For effective, relatively fast treatment, thus enabling a reduction
in the size of the sterilizing chamber, the sterilizing agent must
be maintained at a high temperature, e.g. of around 70.degree.
C.
[0006] The sterilizing unit also defines an aseptic environment
connected to the outlet of the bath, and in which the web of
packaging material is dried and subsequently folded and sealed
longitudinally to form a vertical tube, which is then filled
continuously with the food product for packaging.
[0007] More specifically, in the aseptic environment, the web is
treated to eliminate any residual sterilizing agent, the amount of
which permitted in the packaged food product is governed by strict
regulations (the maximum amount permitted being in the region of a
fraction of a part per million).
[0008] The above treatment normally comprises a preliminary
operation, whereby the drops on the packaging material are removed
mechanically, and air drying.
[0009] Preliminary removal of the drops may be performed, for
example, by means of a pair of squeeze rollers conveniently located
close to the inlet of the aseptic environment; the packaging
material is fed between the rollers and comes out still covered
with a film of sterilizing agent, but with no macroscopic
drops.
[0010] Drying may be performed using air knives directed onto the
opposite faces of the web of packaging material, supplied with
sterile air, and for evaporating any leftover traces of sterilizing
agent.
[0011] Before leaving the aseptic environment, the web is folded
into a cylinder and sealed longitudinally to form a continuous
vertical tube in known manner. The tube of packaging material, in
effect, forms an extension of the aseptic environment, and is
filled continuously with the pourable food product, and then fed to
a (transverse) form-and-seal unit for forming the individual
packages, and in which the tube is gripped and sealed between pairs
of jaws to form pillow packs.
[0012] The pillow packs are separated by cutting the sealed
portions between the packs, and are then fed to a final folding
station where they are folded mechanically into the finished
form.
[0013] Packaging machines of the type described above are used
widely and satisfactorily in a wide range of food industries to
produce aseptic sealed packages from a web of packaging material.

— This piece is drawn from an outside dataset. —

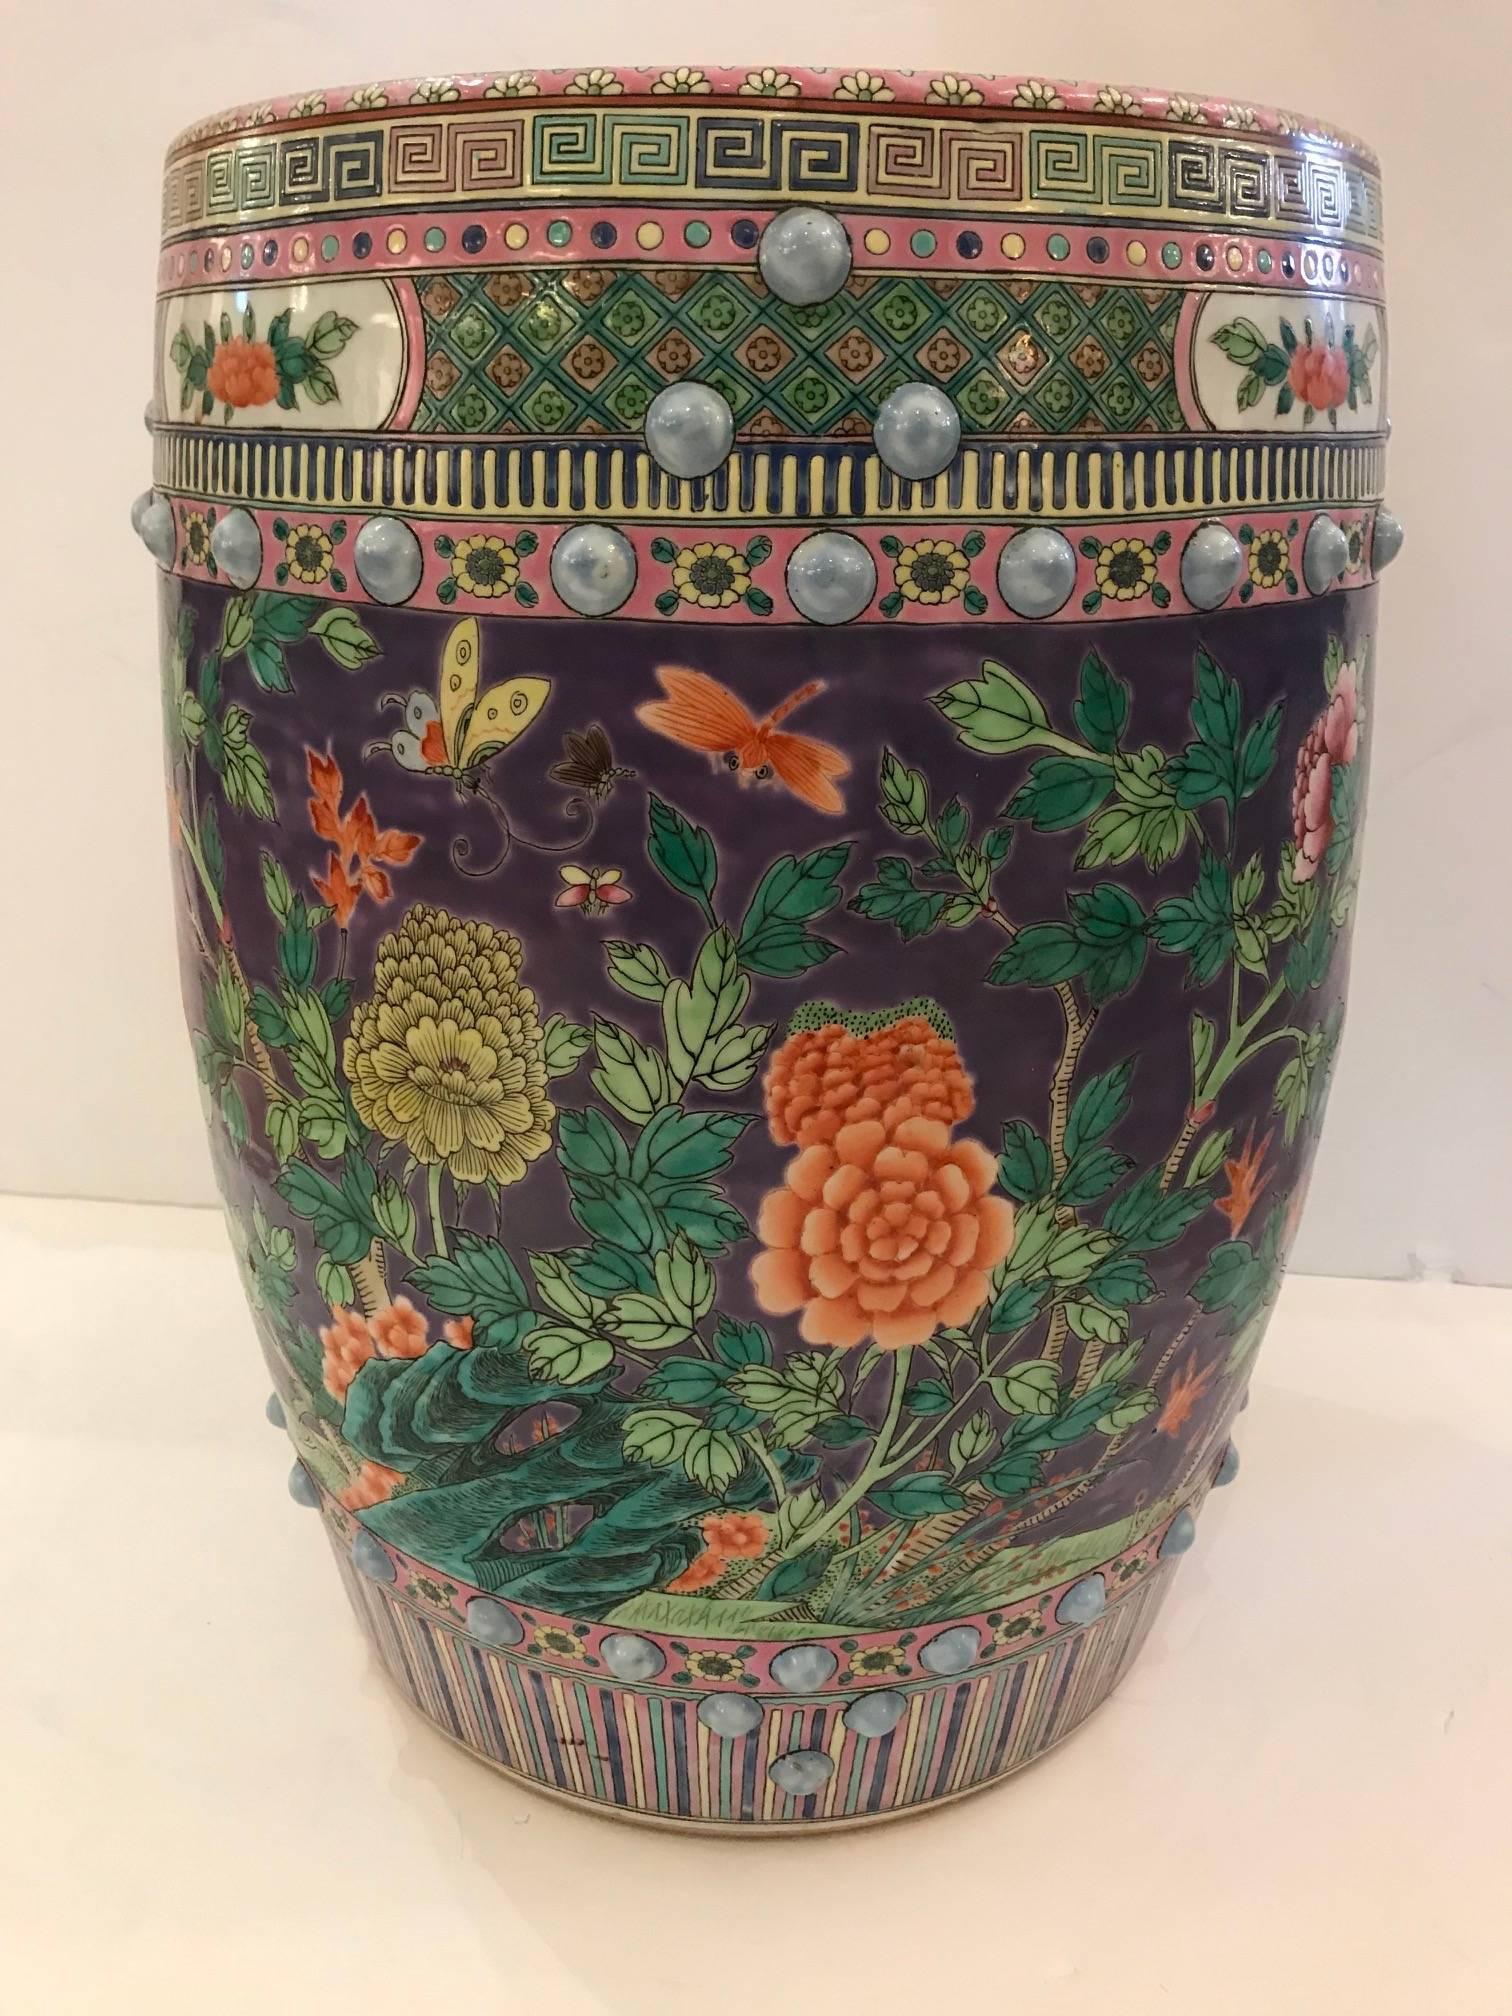 Absolutely gorgeous round Chinese garden seat with meticulous decoration having flowers, butterflies and such, in a dreamy color palette of lavender, greens, orange and pink. Makes a scrumptious occasional table.  
 

Performance of the sterilizing units of such machines, in
particular, ensures ample compliance with regulations governing
sterility of the packages.
[0014] Within the industry, however, a need for further improvement
is felt, particularly in view of the continual increase in the
output rate of such packaging machines.
[0015] Continually increasing the output rate obviously reduces the
time available to remove all the residual sterilizing agent from
each portion of the packaging material web travelling through the
aseptic environment.
DISCLOSURE OF INVENTION
[0016] It is an object of the present invention to provide a unit
for sterilizing a web of packaging material, designed, even
alongside drastic increases in output rate, to ensure ample
compliance with regulations governing the permissible amount of
residual sterilizing agent on the finished packages.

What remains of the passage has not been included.